(Records contained in a dataset)
▬▬▬▬▬▬
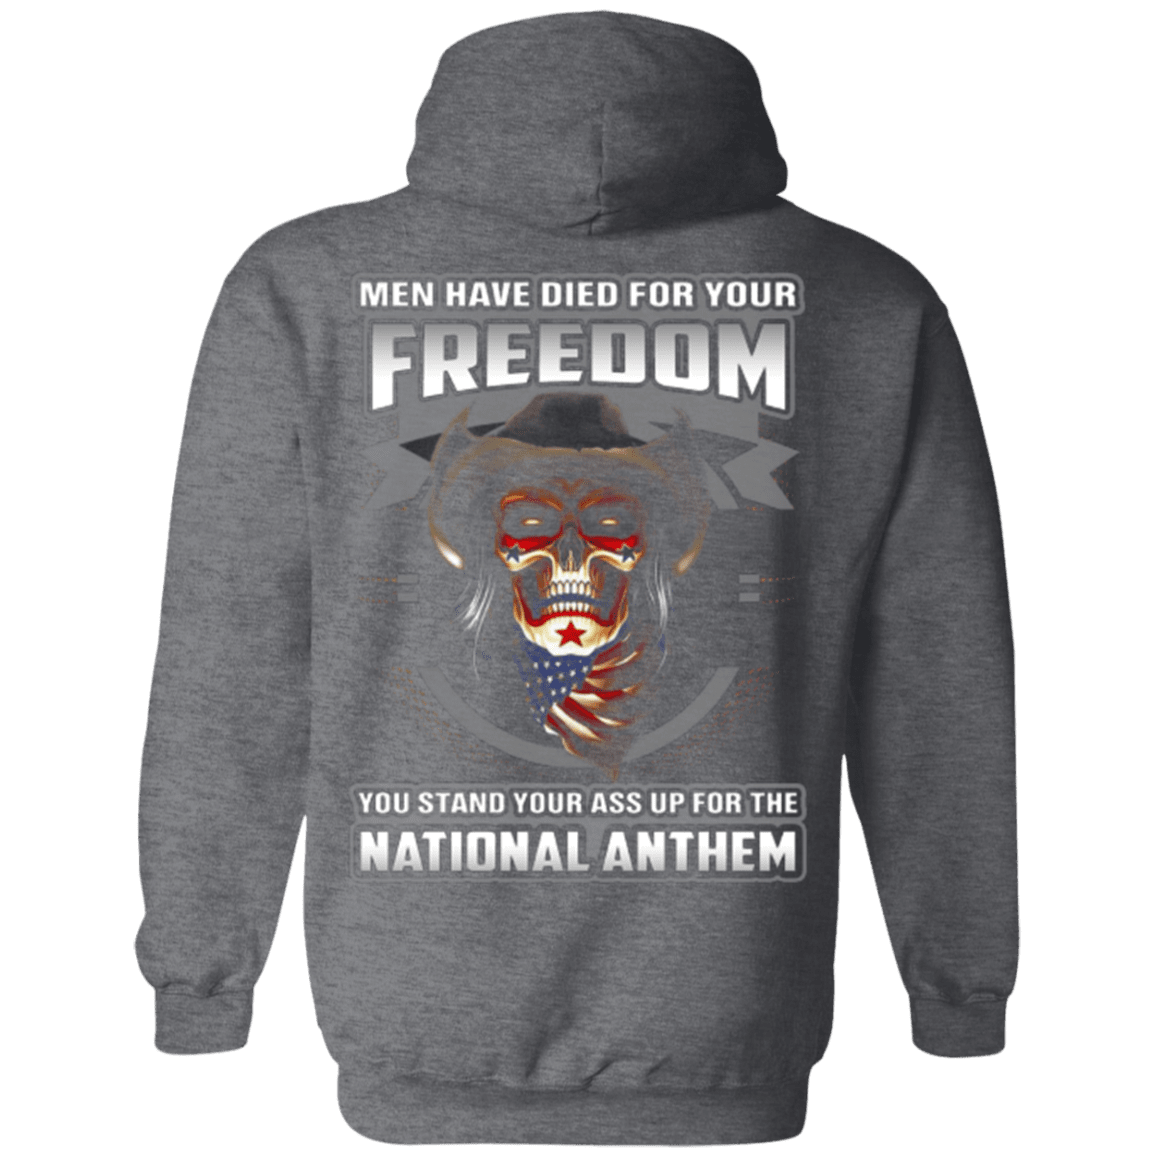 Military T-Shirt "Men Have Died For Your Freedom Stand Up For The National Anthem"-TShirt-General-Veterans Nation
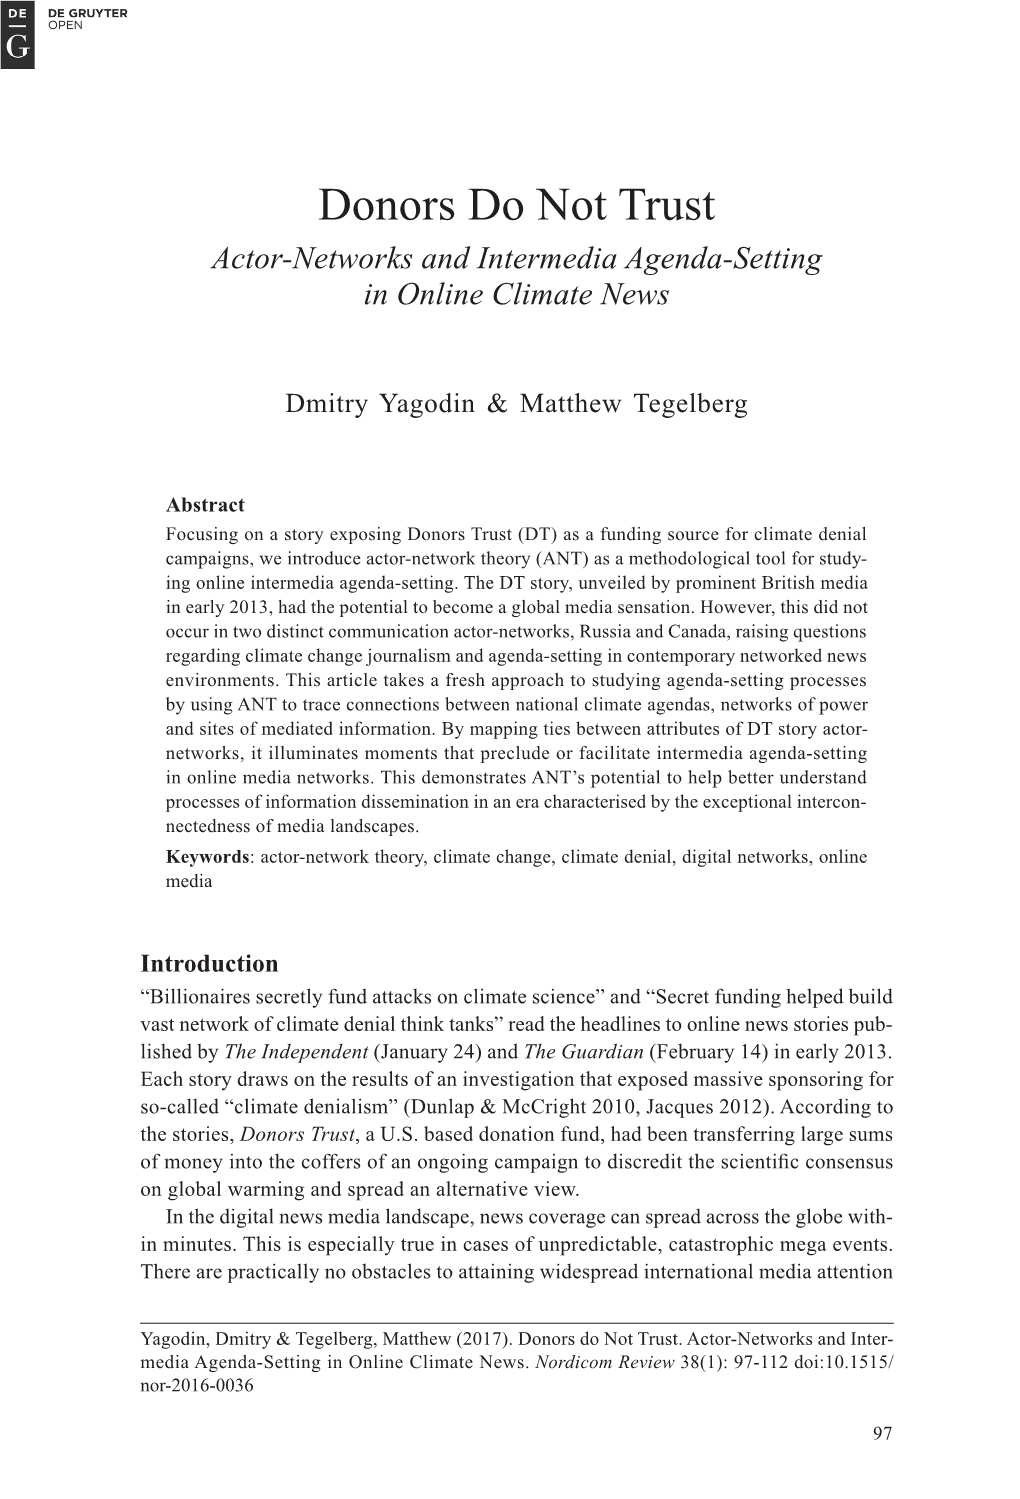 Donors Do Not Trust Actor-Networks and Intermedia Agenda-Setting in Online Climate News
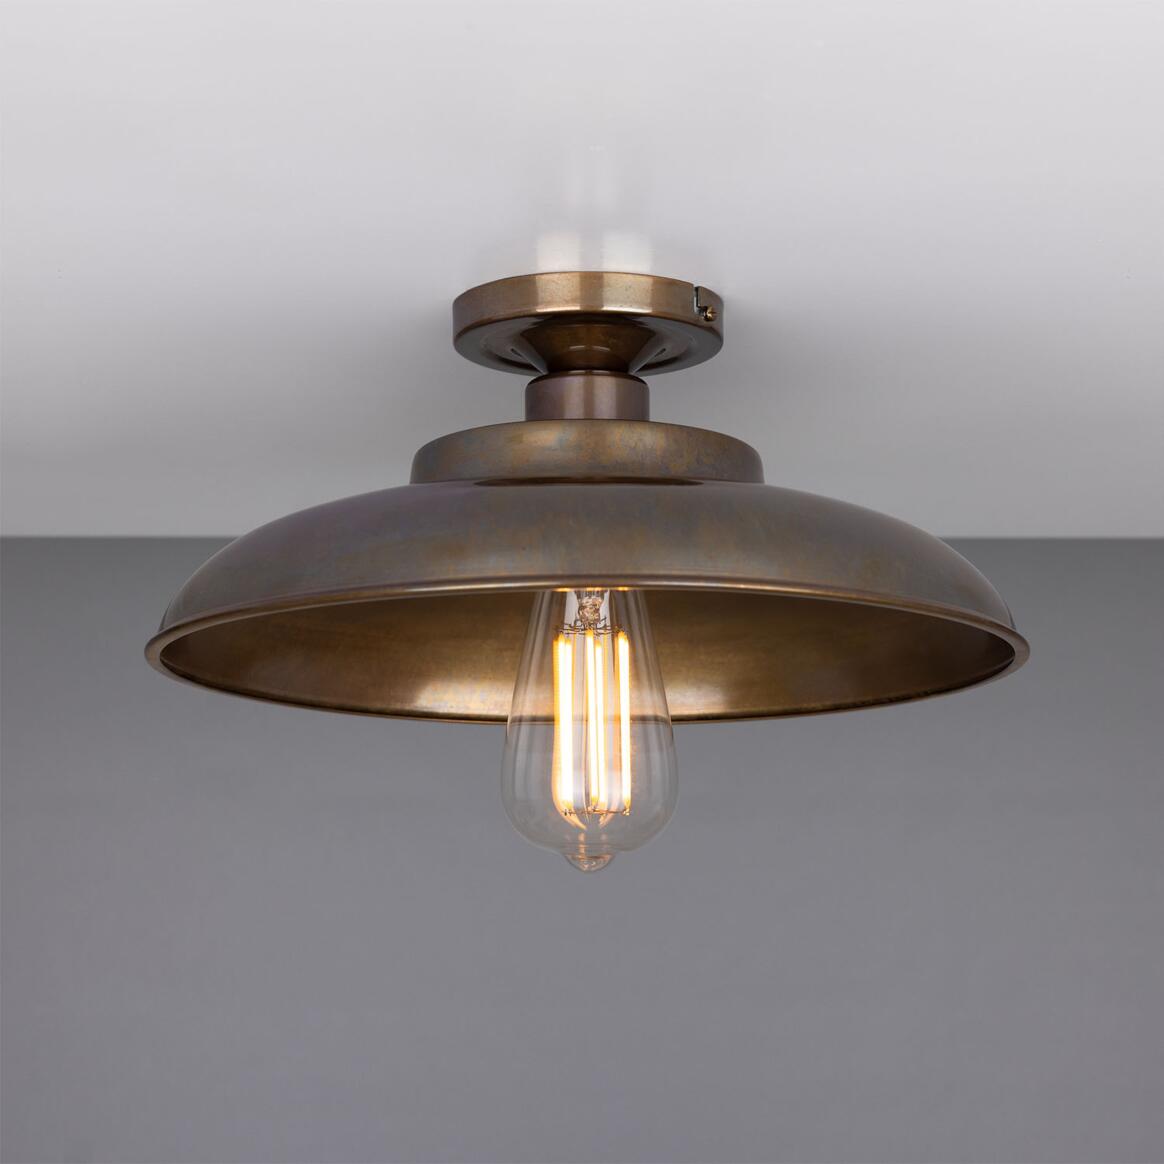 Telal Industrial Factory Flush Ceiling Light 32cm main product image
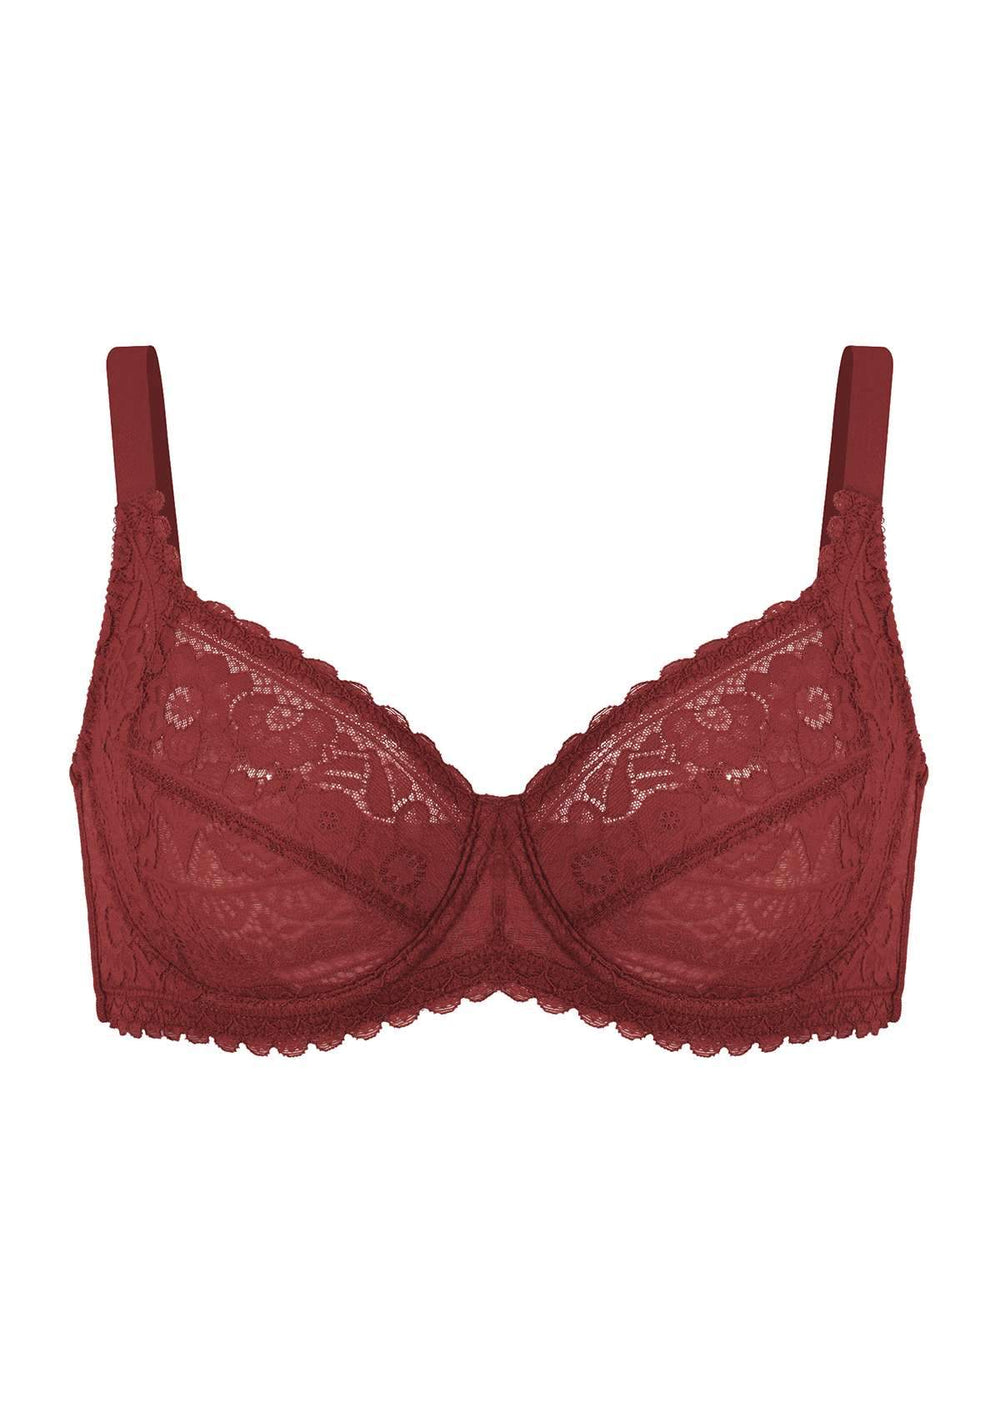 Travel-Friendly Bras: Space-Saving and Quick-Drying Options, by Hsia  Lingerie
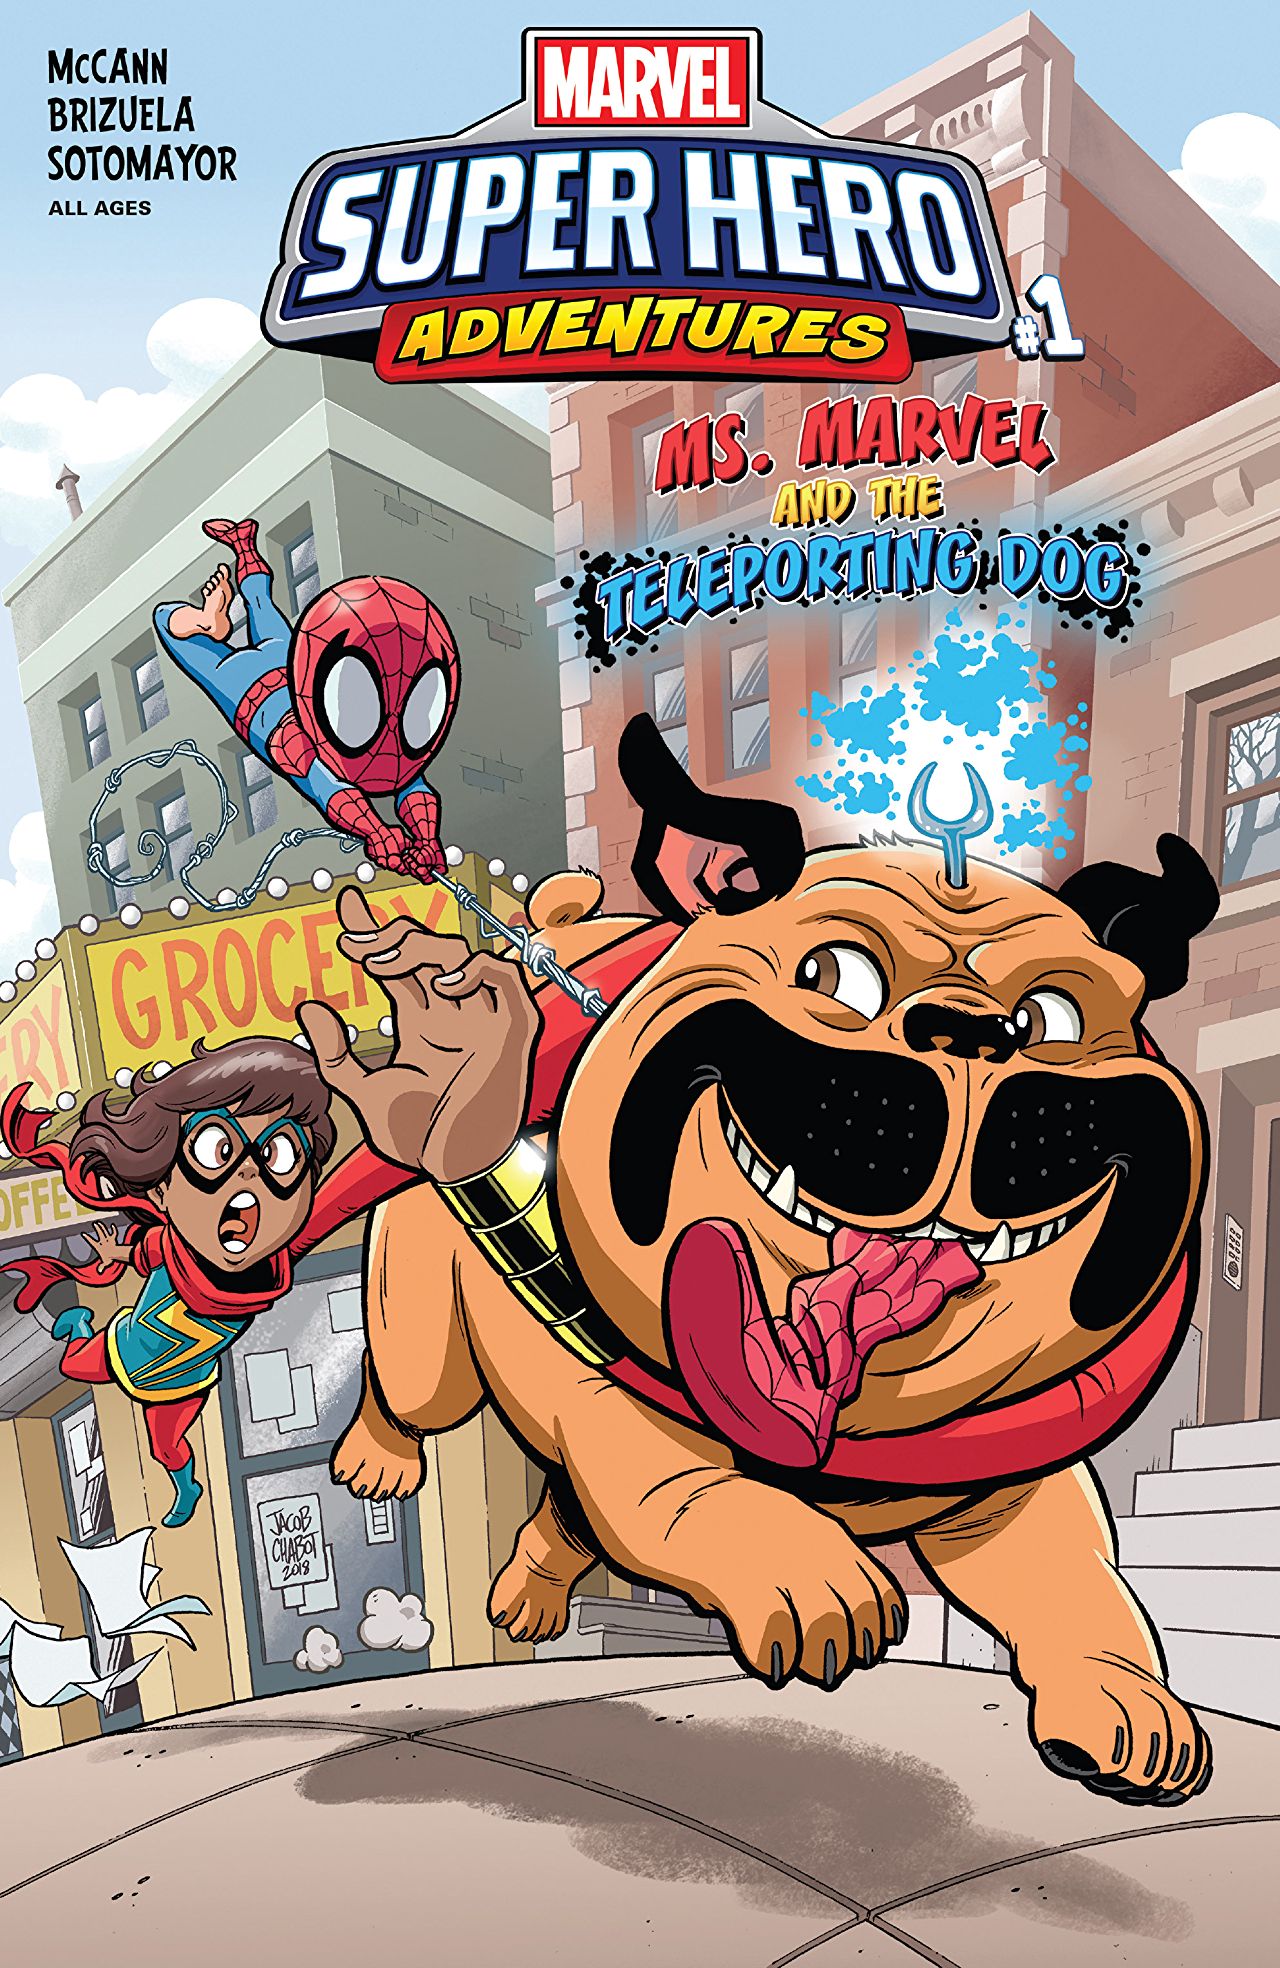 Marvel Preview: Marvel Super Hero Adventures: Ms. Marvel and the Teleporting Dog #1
▬▬▬▬▬▬
TASK STATEMENT:
Leaving the pictures out, set down exactly the lines from the one with "Donors Do Not" through the end of the records.

SOLVED EXERCISE:
 Donors Do Not Trust Actor-Networks and Intermedia Agenda-Setting in Online Climate News
 Telal Industrial Factory Flush Ceiling Light 32cm main product image
 Travel-Friendly Bras: Space-Saving and Quick-Drying Options, by Hsia  Lingerie
 Marvel Preview: Marvel Super Hero Adventures: Ms. Marvel and the Teleporting Dog #1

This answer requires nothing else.